Hackerrank is apparently too advanced for me; I couldn’t even do the first Python 3 challenge.

It is “how” in a sense of the word. Certainly, it is not describing things, for example for plant growth, a cellular level (although you can model cellular growth this way too but then you lose the larger scale, I suppose you could layer them maybe). So, there isn’t a need to simulate the physics or chemistry. The exact process being used is not as vital for this kind of modelling as knowing that a process is executing to do the work (and for an expert, such a plant physiologist, this is sufficient, as they know the biological process underlying the abstract description of the model). Similar models using this kind of abstract thinking about the mechanisms have been done for geological formations, arterial growth, etc, and been found to be quite useful.

My data comes from existing models that were produced by hand and published by domain experts. We’re in the process of getting some data for some plant species that have never been modelled before, so it will be a great test for the algorithm.

My algorithm can infer non-parametric deterministic models (with up to 78 processes in the target algorithm) in under 10 seconds, typically in under 2 seconds. Stochastic models with up to 12 processes can be inferred in about 1.5 hours. And now parametric deterministic models can be inferred in about the same amount of time. 1.5 hours is very reasonable, given that to produce such a model by hand usually takes weeks to months. And again, this is all single CPU core, with parallelism or massive parallelism, the speed could be greatly improved (or the limits increased).

That’s really cool; thanks.

After I went thru that Code Academy first lesson, I called a friend who went back to school a couple of years ago and got some advice on doing the same. I’ll have some time next Friday to go see about enrolling in a class at CSN for the fall semester.
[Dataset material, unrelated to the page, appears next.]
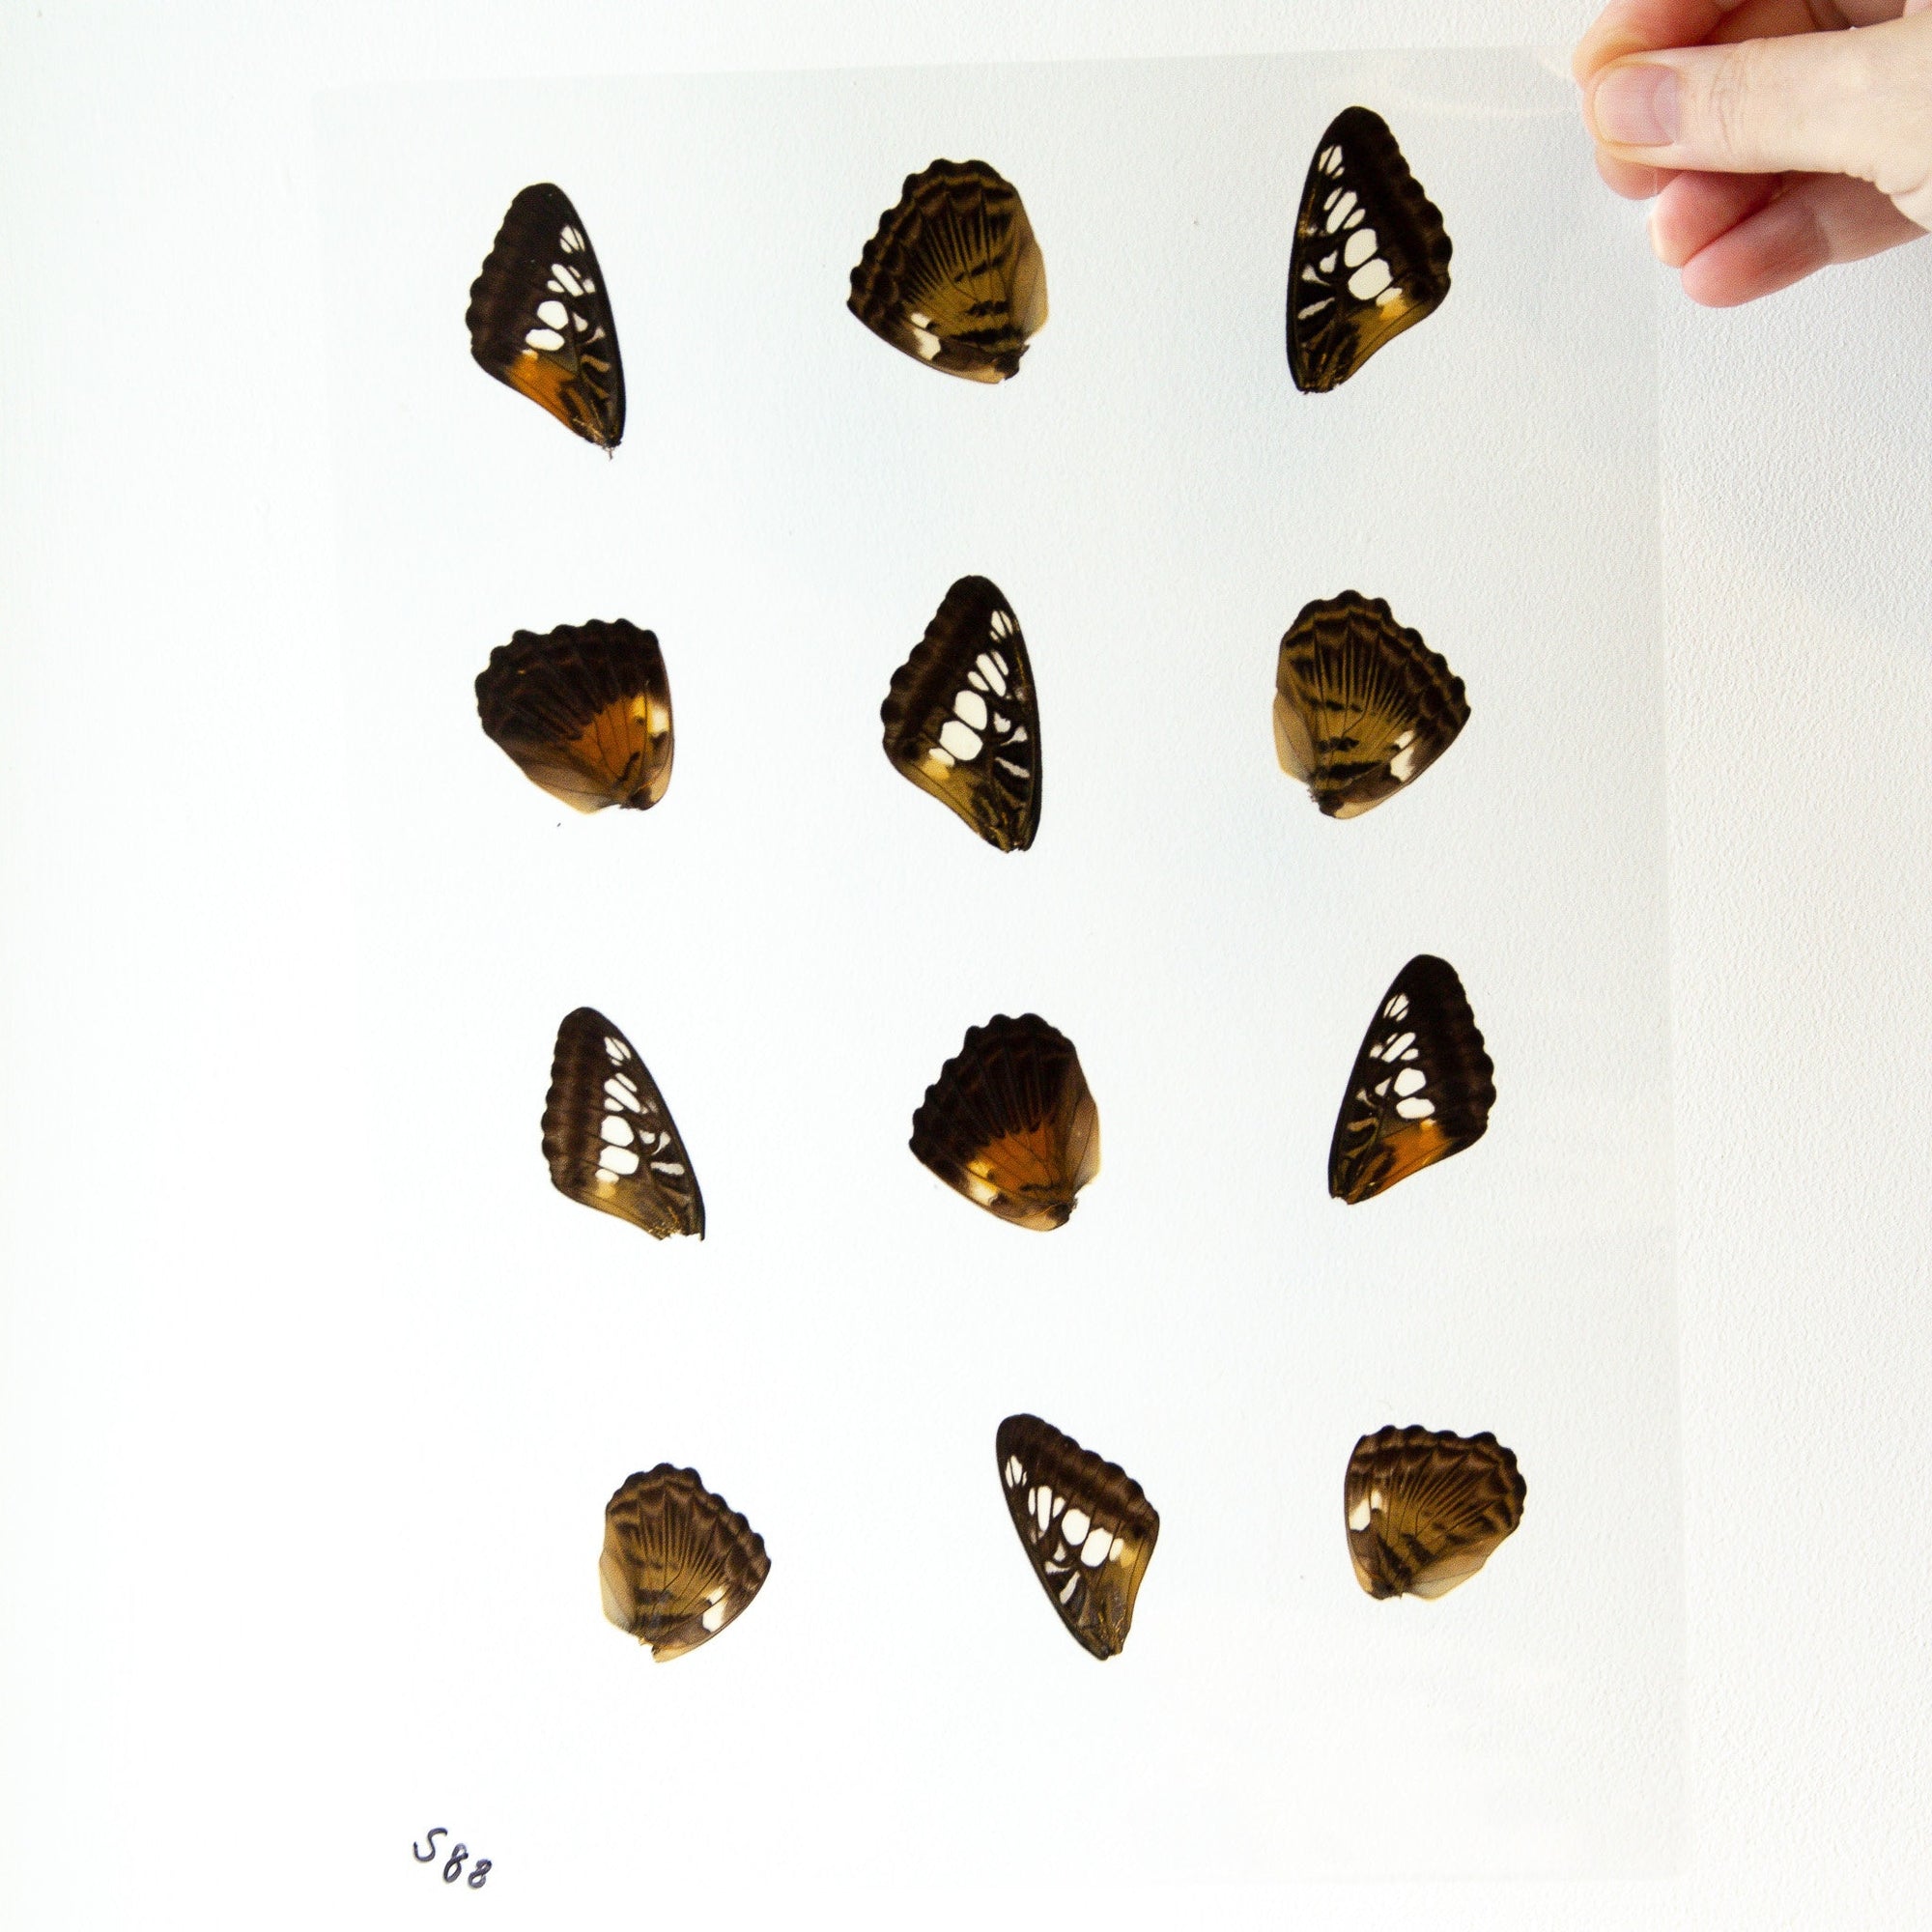 Butterfly Wings GLOSSY LAMINATED SHEET Real Ethically Sourced Specimens Moths Butterflies Wings for Art -- S88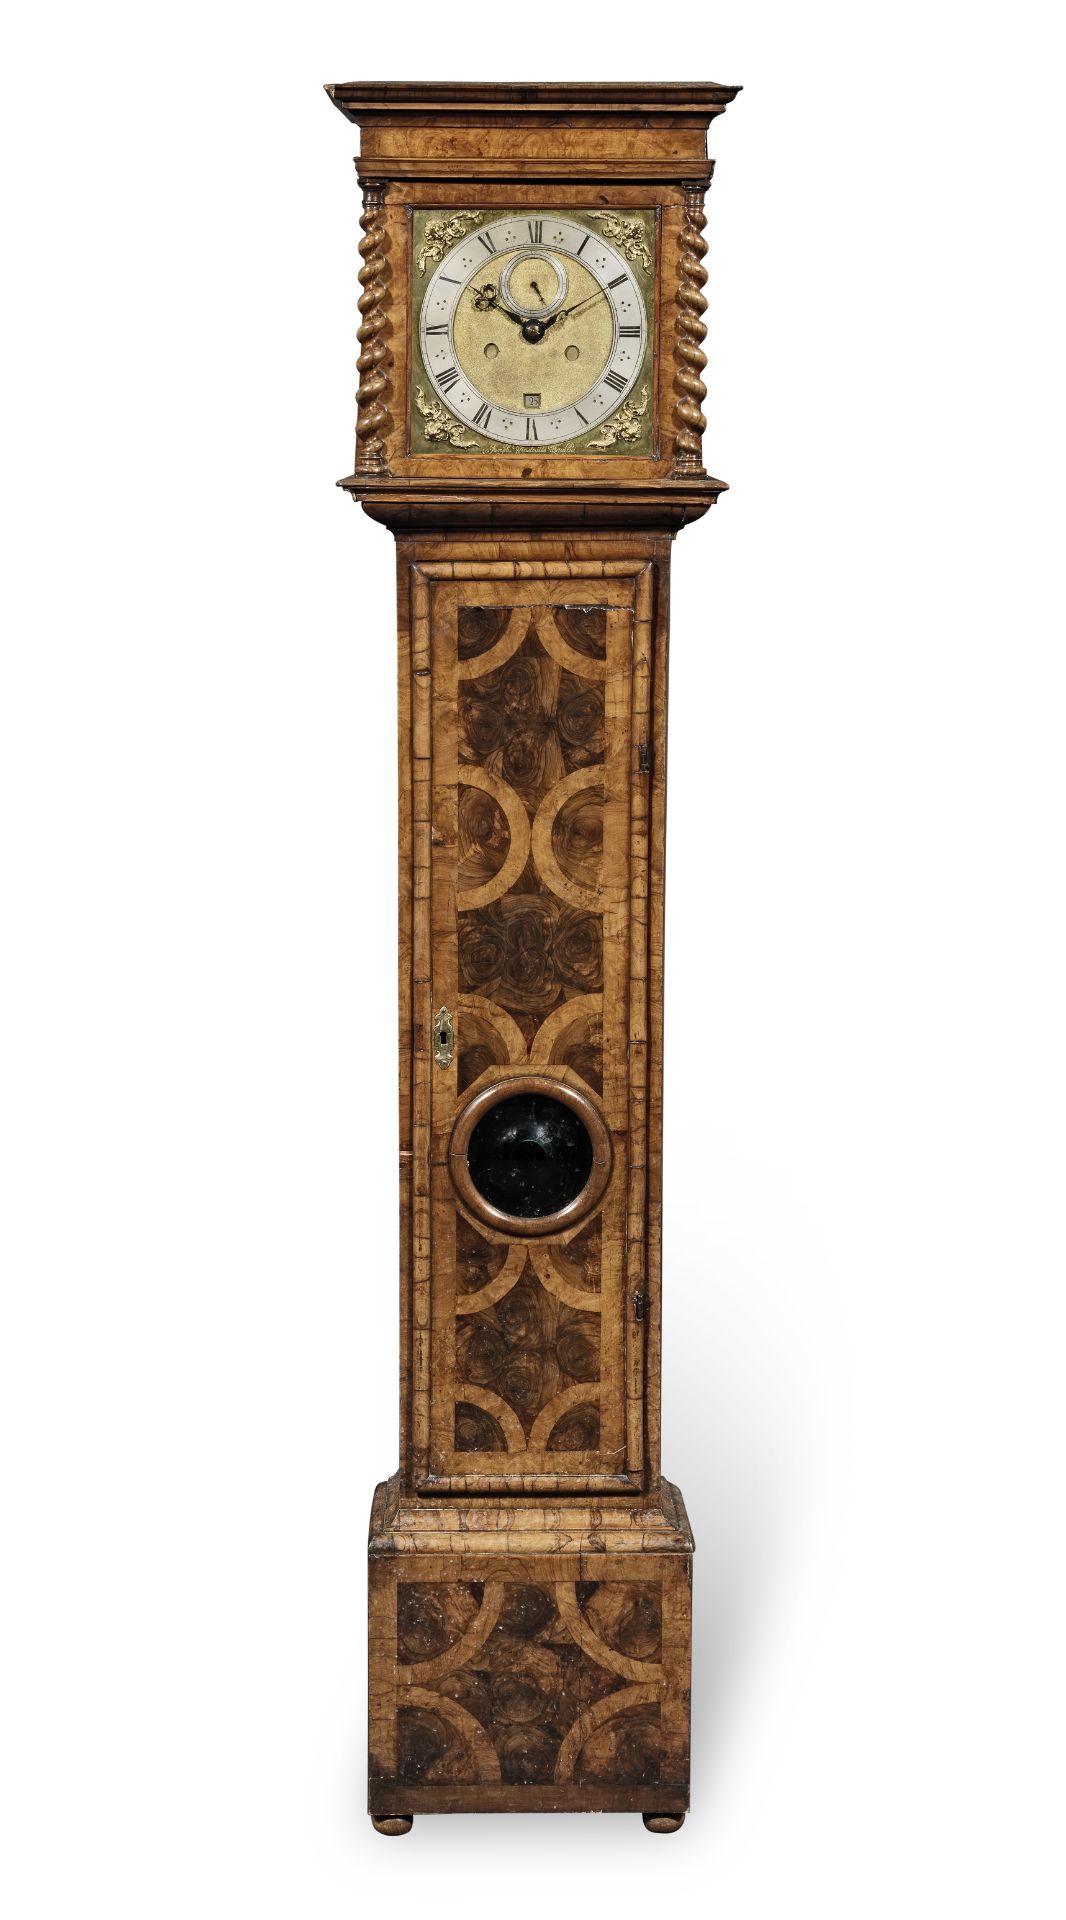 A burr walnut and oyster veneered longcase clock with 10.25 inch dial and bolt-and-shutter maintaini

Good luck learning Python. I cannot offer any real advice since I don’t really know Python that well. I know it, but I so rarely use it. I generally use C/C++ just because that’s what I learnt in my undergrad back in the 90s.

Thank you.

As I said, it doesn’t seem all that different from what I remember of COBOL, PASCAL, Fortran, Basic, etc. Heck, it’s even vaguely similar to what I know of HTML, and I’m like 15 years out of date there.

Right now I can do basic math and print stuff on the screen; it’s a start.

So did you write this whole AI or did you start with some basic AI bot and then train it?

Yeah, I write all my own code. It might not be good code, but at least it is mine.